INFORMATION SHOWN:
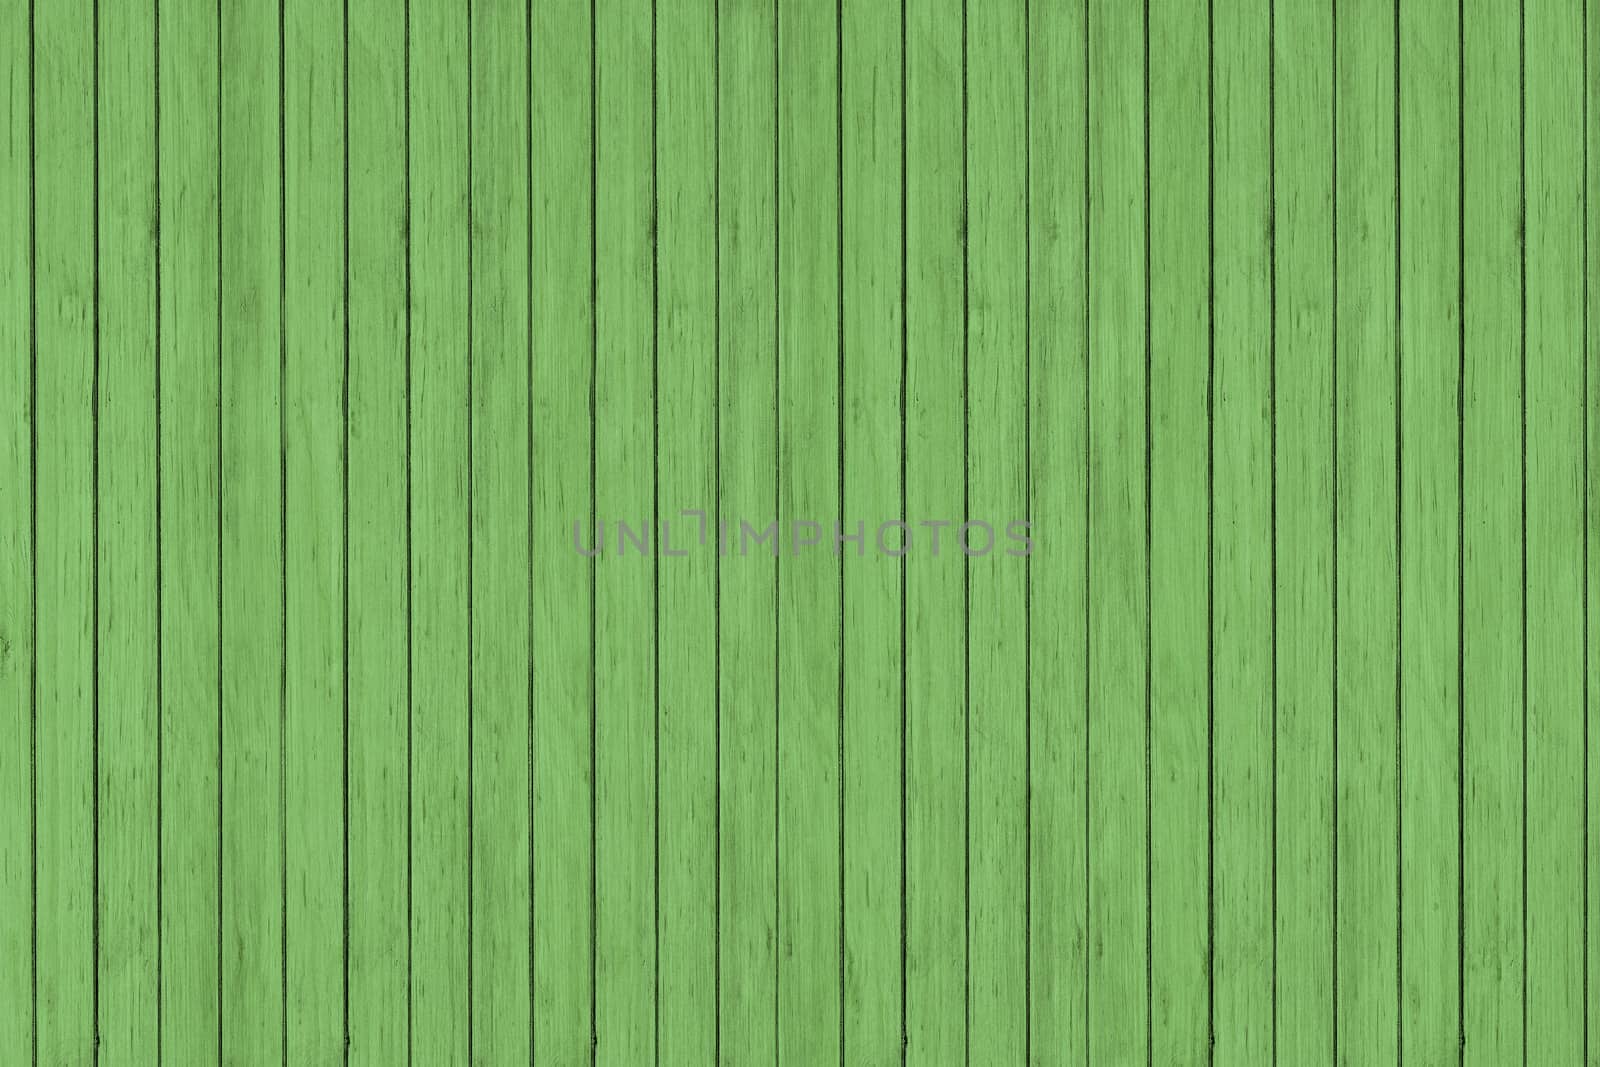 green grunge wood pattern texture background, wooden planks
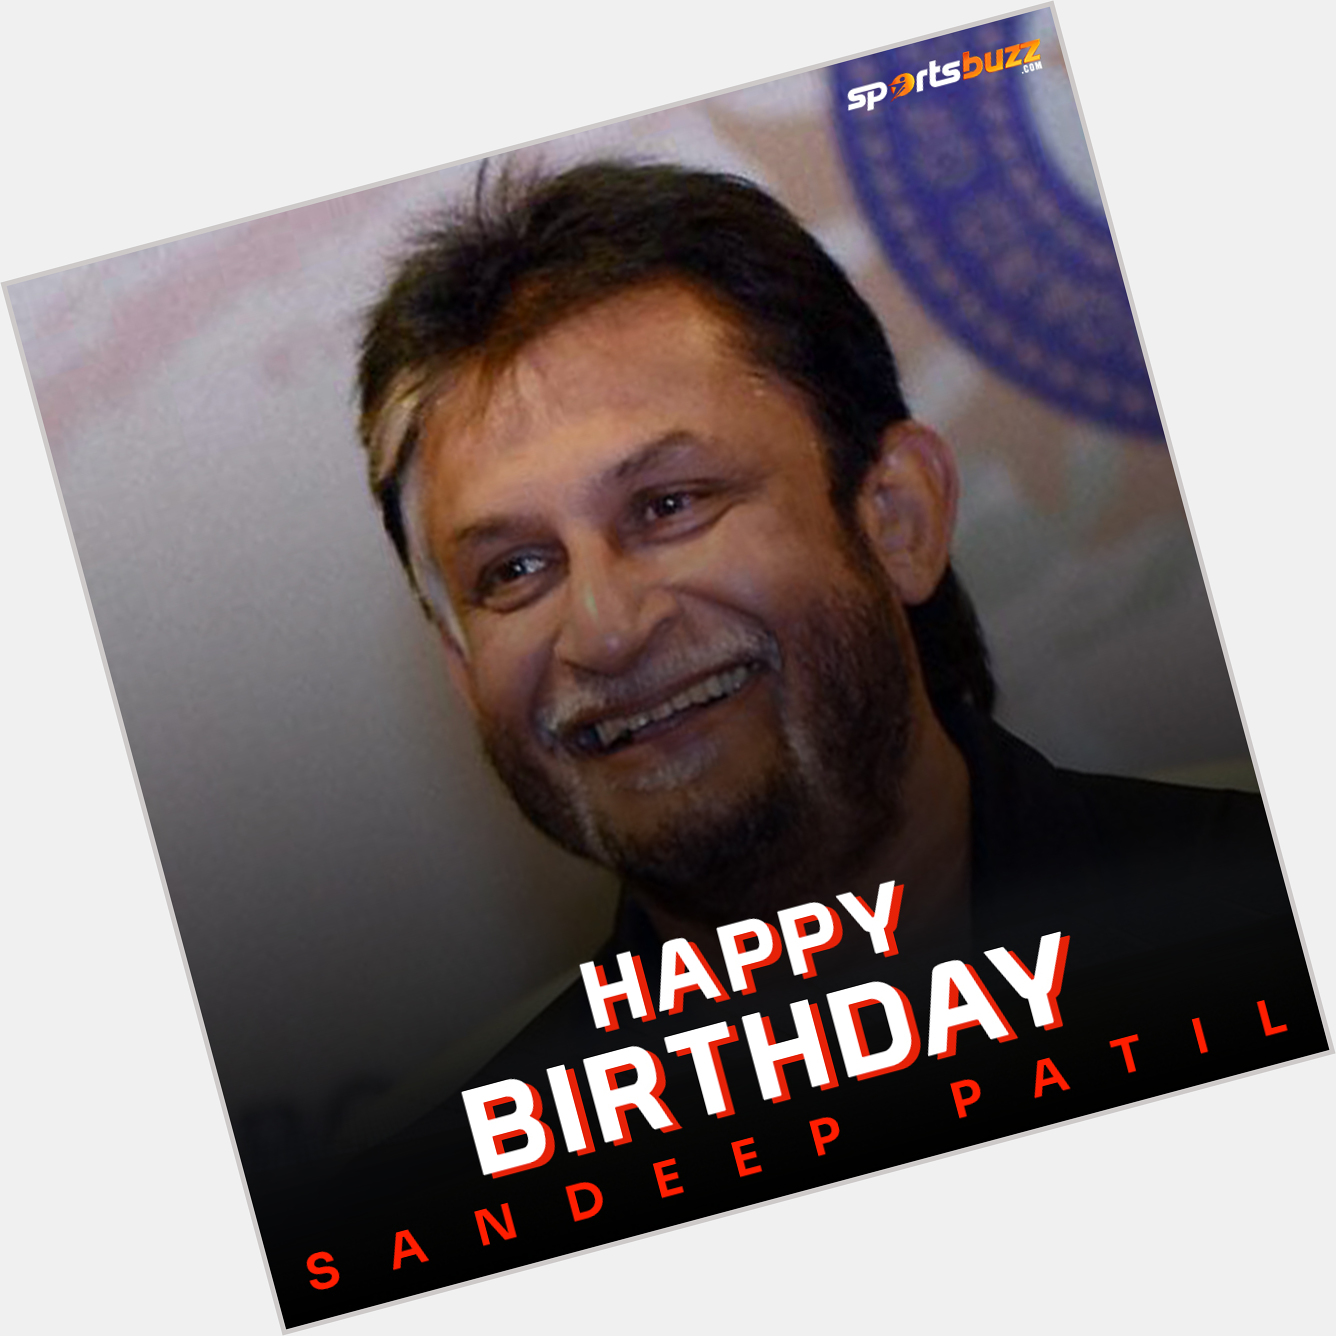 Happy Birthday Sandeep Patil.
( - BCCI) 
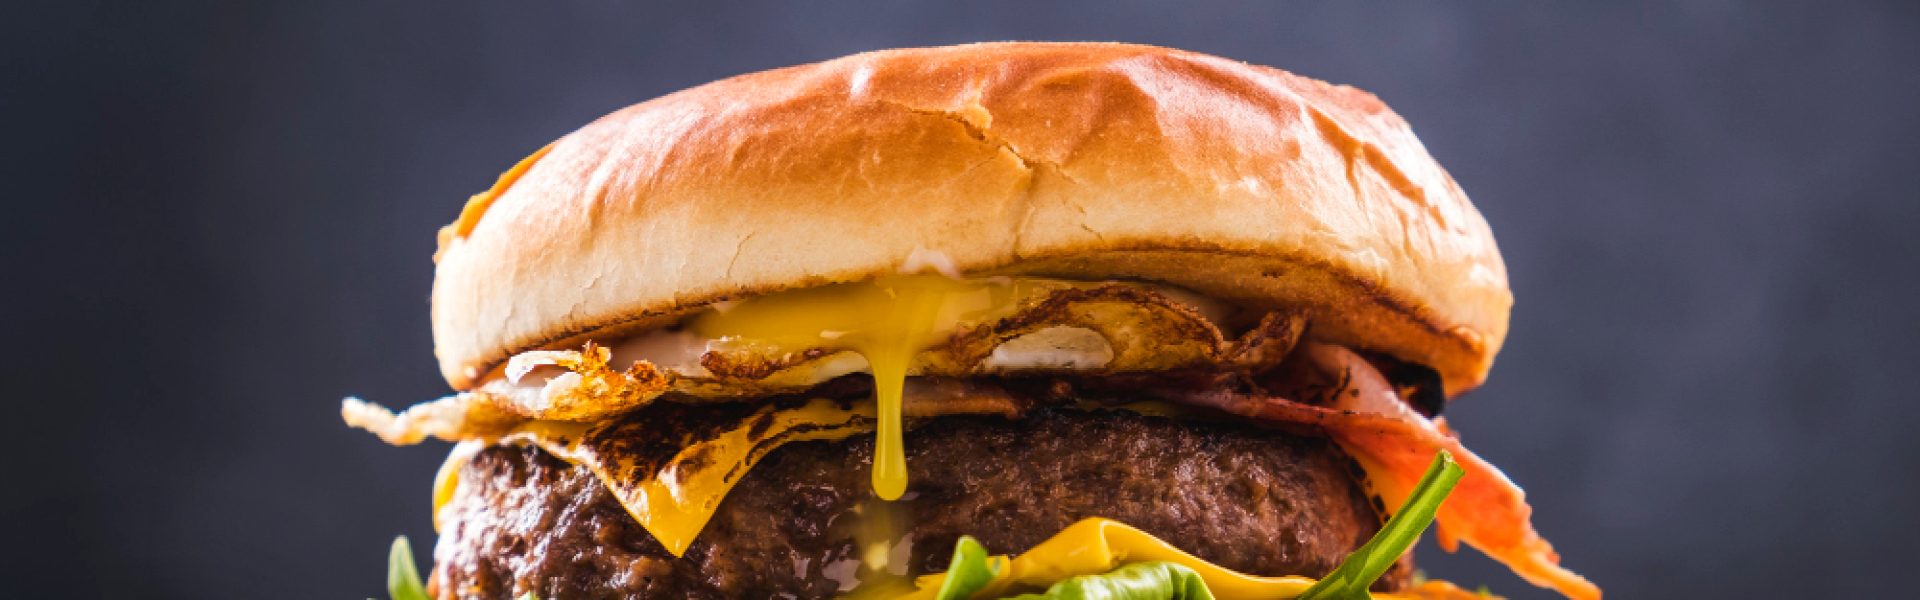 homemade-beef-burger-delicious-fastfood-closeup

WORK ORDER:
Write out exactly the lines from the line that contains "Happy Birthday Sandeep Patil." to the last line of the material above, both included; pictures do not belong in the copy.

EXERCISE OUTPUT:
 Happy Birthday Sandeep Patil.
( - BCCI) 
 homemade-beef-burger-delicious-fastfood-closeup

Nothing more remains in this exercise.